From Wikipedia, the free encyclopedia.

Economics is a social science that studies society's allocation of scarce resources to meet desires and wants.

Economics begins with the premise that resources are in limited supply and that it is necessary to choose between competing alternatives. The subject is said to be positive when it attempts to explain the consequences of different choices given a set of assumptions and normative when it prescribes a certain route of action.

Aspects receiving particular attention in economics are resource allocation, trade and competition. The subject is broadly divided into two main branches: microeconomics, which deals with individual agents and macroeconomics which considers the economy as a whole. Economics may in principle be applied to any problem that involves choice under scarcity; this includes such diverse topics as the governance of production, distribution of wealth as well as the various related problems of finance, taxation, labour, law, poverty, pollution etc.

Table of contents

Economic assumptions

Understanding choice by individuals and groups is central in economics.

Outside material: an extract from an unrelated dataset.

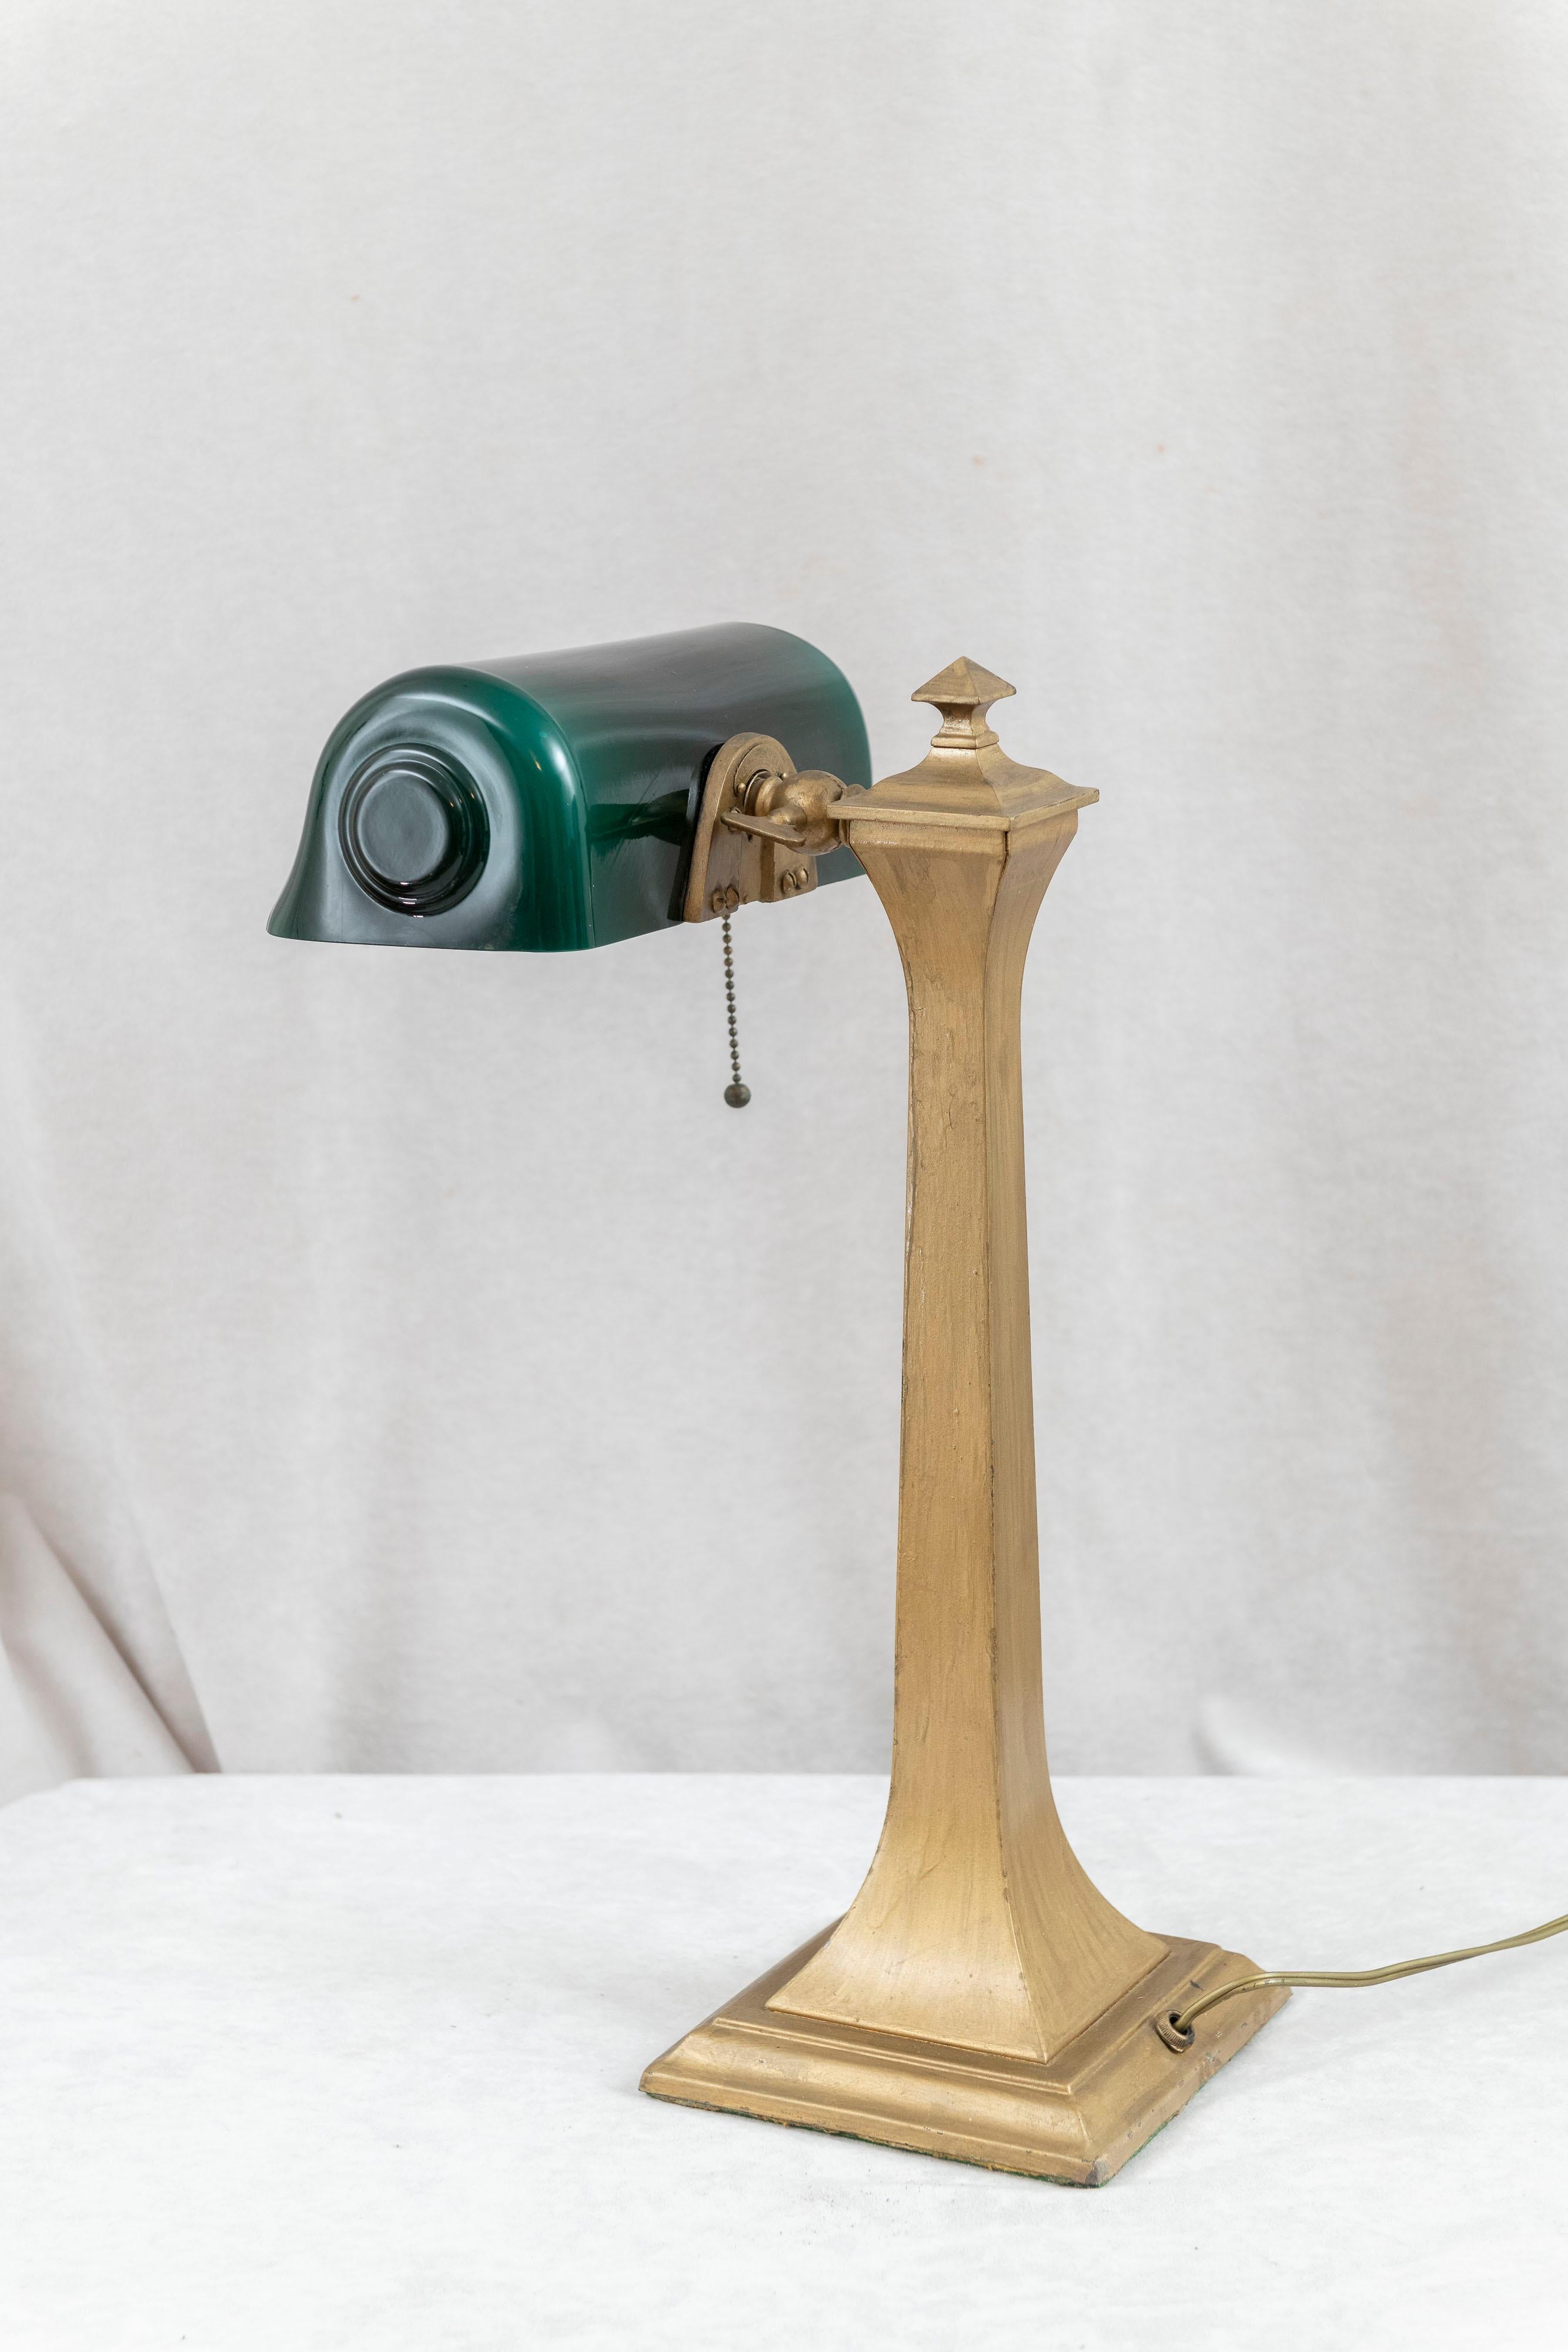 Early 20th Century Antique Banker's Desk Lamp by Verdelite, Original Green Shade, ca. 1917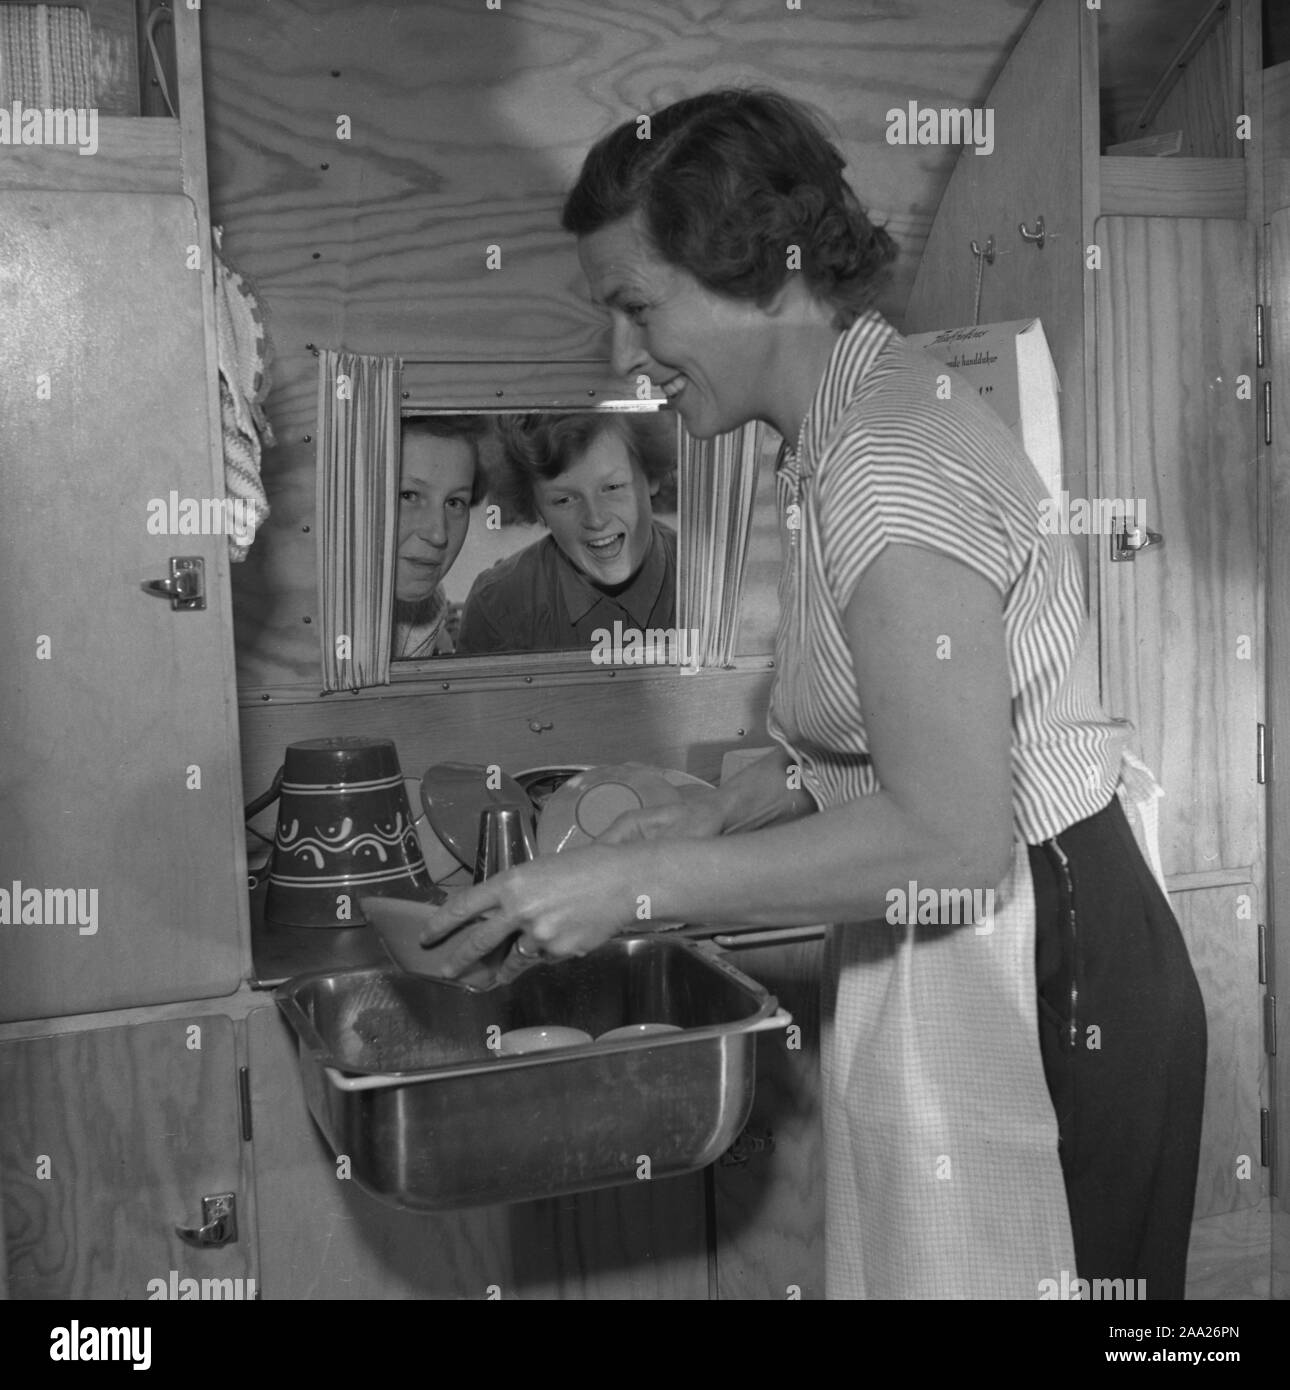 1950s camping. A family is enjoying their holiday and the practial camping life in their caravan. Demonstrating how well everything works for them even on holiday. The mother is doing the dishes in the practical small kitchen sink, with her children cheering on from outside the window. Sweden 1952 Ref 2021 Stock Photo

With scarcity, choosing one alternative implies foregoing another alternative; economists refer to this as opportunity cost. For instance, learning one skill implies time not spent learning another. At an applied level this approach often requires an explicit modelling of the spectrum of choices available and thus implicitly those that are unavailable.

Economists belive that incentives and preferences (tastes) together play an important role in shaping decision making. Sometimes a preference relation can be represented by a utility function (utilitarianism may be viewed as a philosophical basis of much of economics; see goodness and value theory for other approaches to value).

Mainstream economics does not assume a priori that markets are preferable to other forms of social organization. To the contrary, much analysis is devoted to cases where market failures lead to resource allocation that is suboptimal by some standard. In such cases, economists may attempt to find policies that will avoid waste, either directly by government control or indirectly by regulation that forces market participants to act in a manner consistent with optimal welfare.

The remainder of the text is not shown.